I am an untrained actor, I have no formal training, so I don't really know ... I've read that part of the method might be to use sense memory, but I don't ever do that. When something is so well written and interesting and vital to pretend, that is enough to bring the emotion that's needed for the scene. One thing that really helped, I didn't have to go back to my first time, but Helen and I's avoidance of each other before we began to shoot. We were told that the four sessions would be shot chronologically, which was a great gift from Ben. With several long takes, you see it again in the first session scene, we didn't know each other. Sex and love scenes in movies are going to be awkward, there is some nervousness, it's not sexy at all, there's people all around, the director is yelling, "Stroke her thigh!" But then its edited and there's music, and it looks like a perfect fantasy. But we weren't interested in that, so the great thing about film vs. theater, and I love both media,but film has the ability to capture something happening for the very first time between human beings, and capturing that for all time. A lot of what is going on in the first session scene between Helen and I is happening in real time, and things are happening for the first time. And then as the characters got to know each other, usually a couple days apart from each other, Helen and I got to know each other more.

You've talked about being someone who over-prepares, and you work in a technical business. Would you say you're more of an analyzer, or a poet?

I try to be both. I think the analyzer part is the preparation, and the poet part is forgetting everything that you've preconceived when the director calls action. And by the way, from technical side, I was never not on my mark with this film. I was always right there.

You have been in a wide range of roles beforehand, with films of different genres. Did this film teach you anything new about acting, or even life?

It taught me that you can move your head 90 degrees, and have that be the sum of your movement, playing a lead character, and have it work okay. It takes very little, probably as seen in Todd Haynes' short Superstar: The Karen Carpenter Story which is Barbie dolls, whose mouths and faces don't change at all, and I'm laughing hysterically. Five minutes later, I'm very into the story, and you realize as an actor, "Wow, I'm probably not going to have to do too much." I was reminded of that with this story. As a whole, I feel like many people, and it's not something to be proud of, I haven't had a great ease towards every disabled person I've come across. I think this helps me to ... I've always tried to be very open, and wanting to believe that every person I come across has value and worth, until they prove otherwise. I just feel like hopefully I just see people more, and I see somebody more. It's weird when you see someone disabled, you don't want to stare, but you also don't want to turn away, but I also want to say in a very respectful way, "I see you, and I know you're here, and I know you're more than your body." As Mark said, [in O'Brien voice], "If I'm just a body, I'm fucked."

Has this role encouraged you to do more physical roles in the future?
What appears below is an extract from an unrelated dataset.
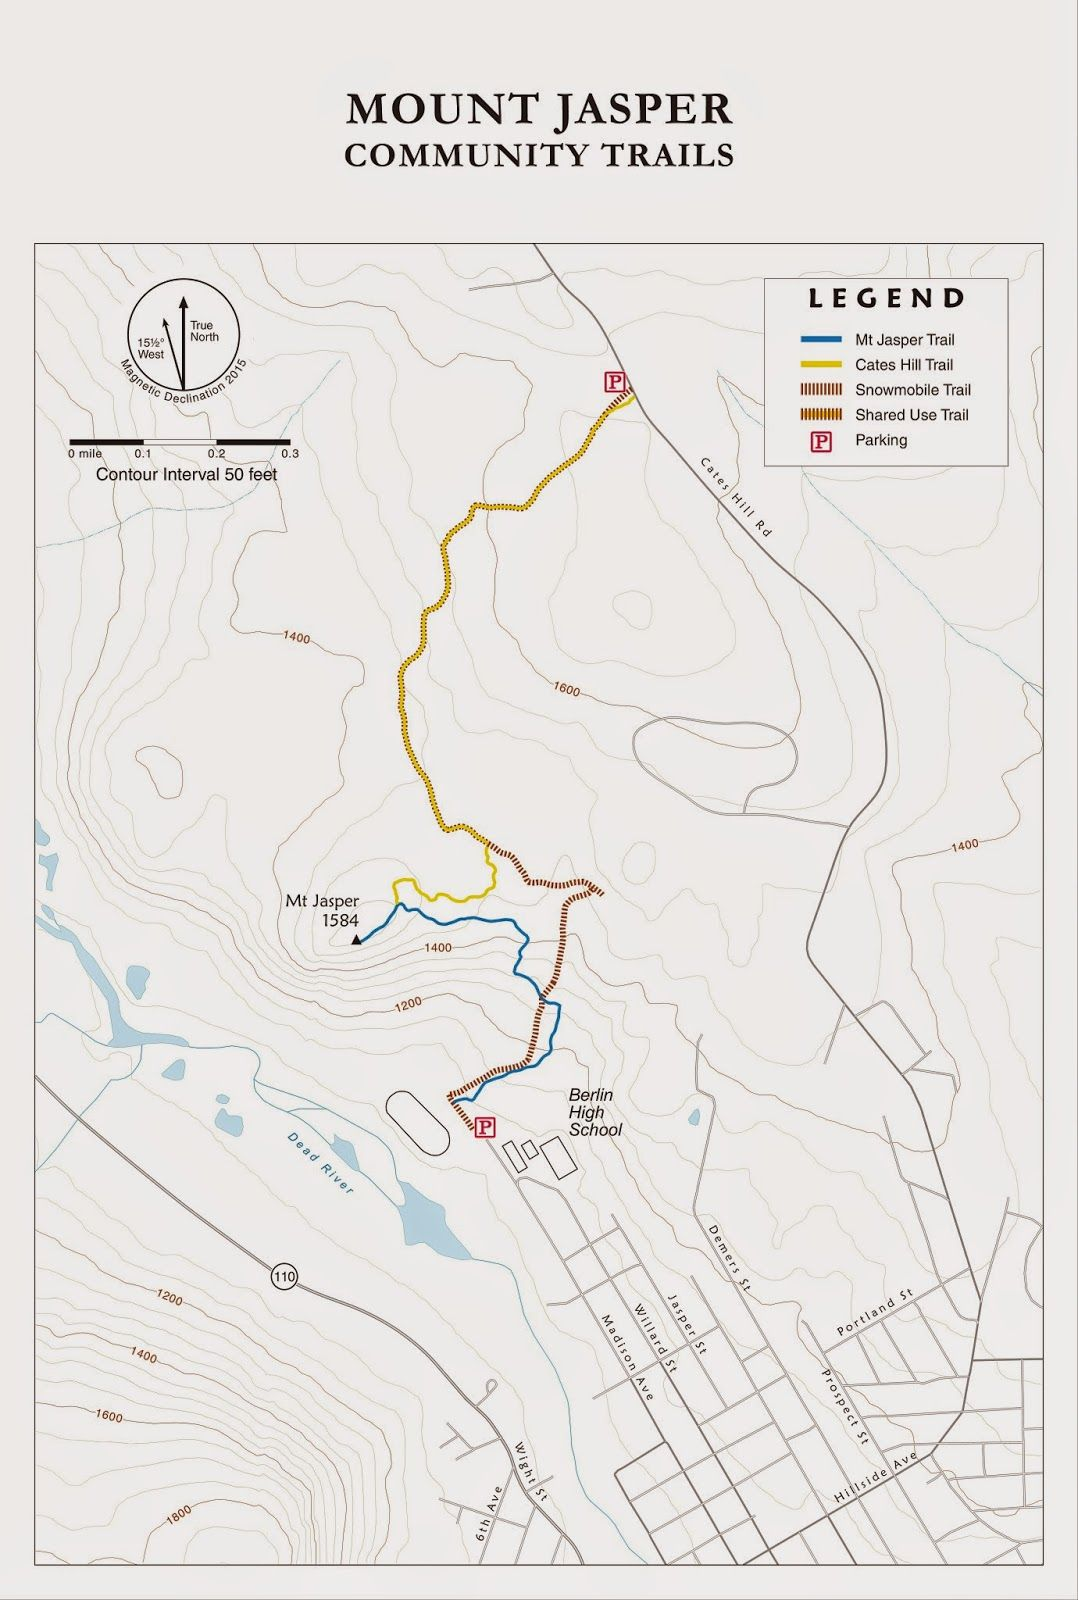 AMC Trails Blog: Trail maps and hand-inked artwork for Mt Jasper ...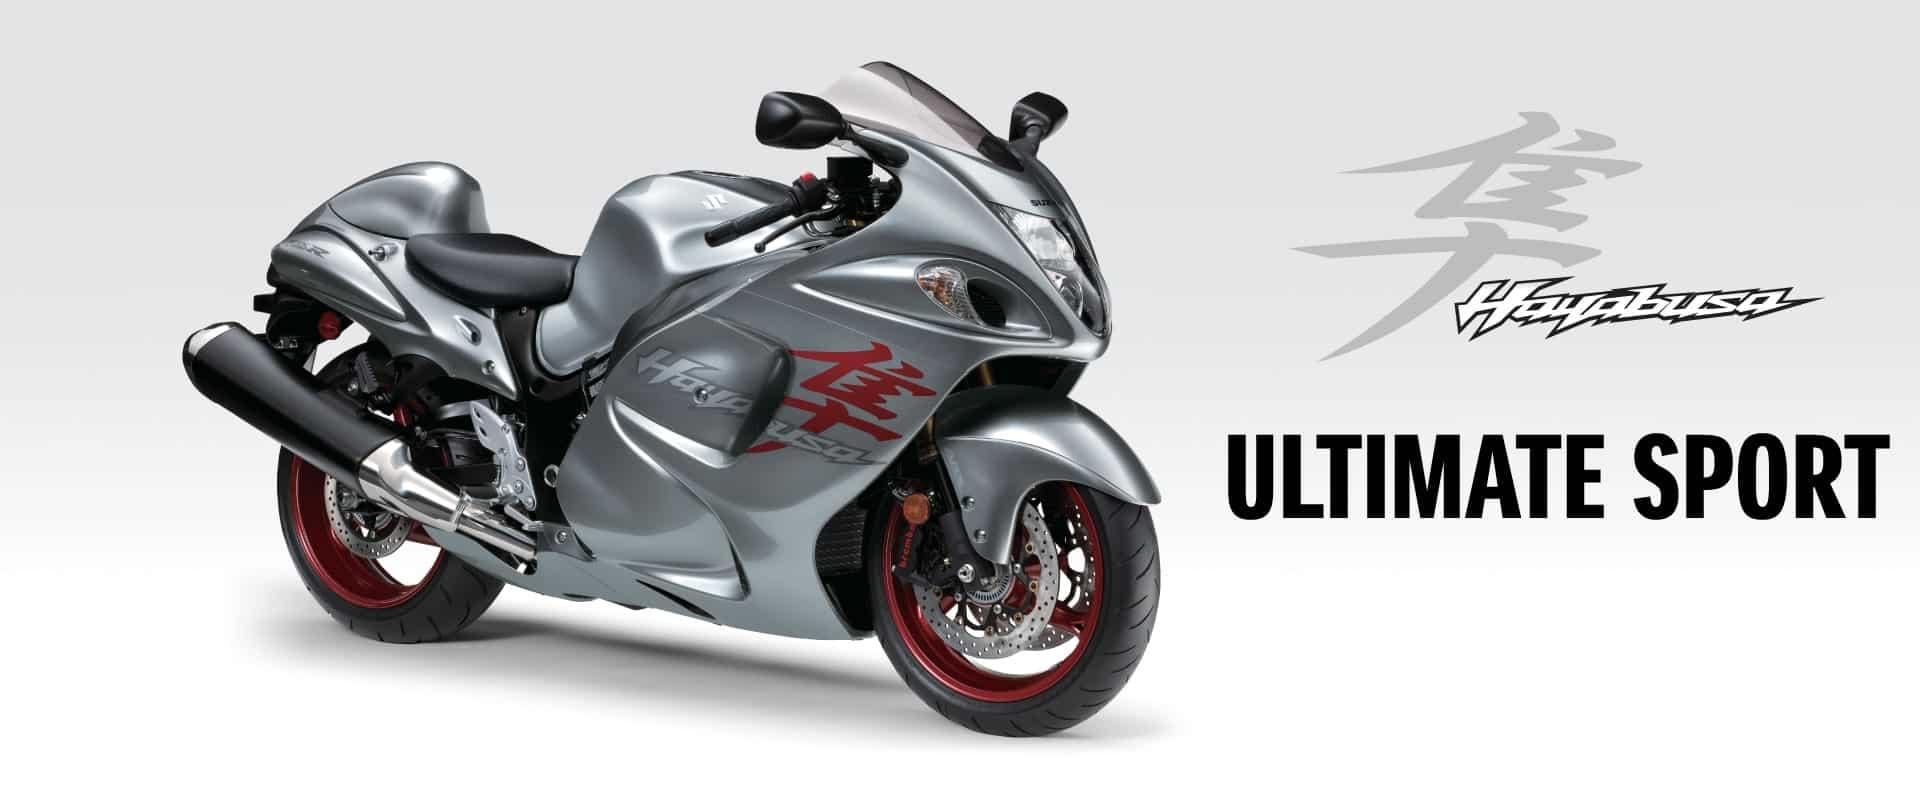 Suzuki Motorcycle launches 2019 edition of sportsbike ...

I just want to find the best script ,and the best story. I don't care if its six villains in a row, or six comedies in a row. It's just hard to find great material, and to find a great story that's really well told in the script, and has a great role for me, and seems to have capable people around it, then I'm in. That's hard enough for me.

So 'Winter's Bone' won't be getting a sequel?

[Laughs] I don't think Teardrop will be around for that.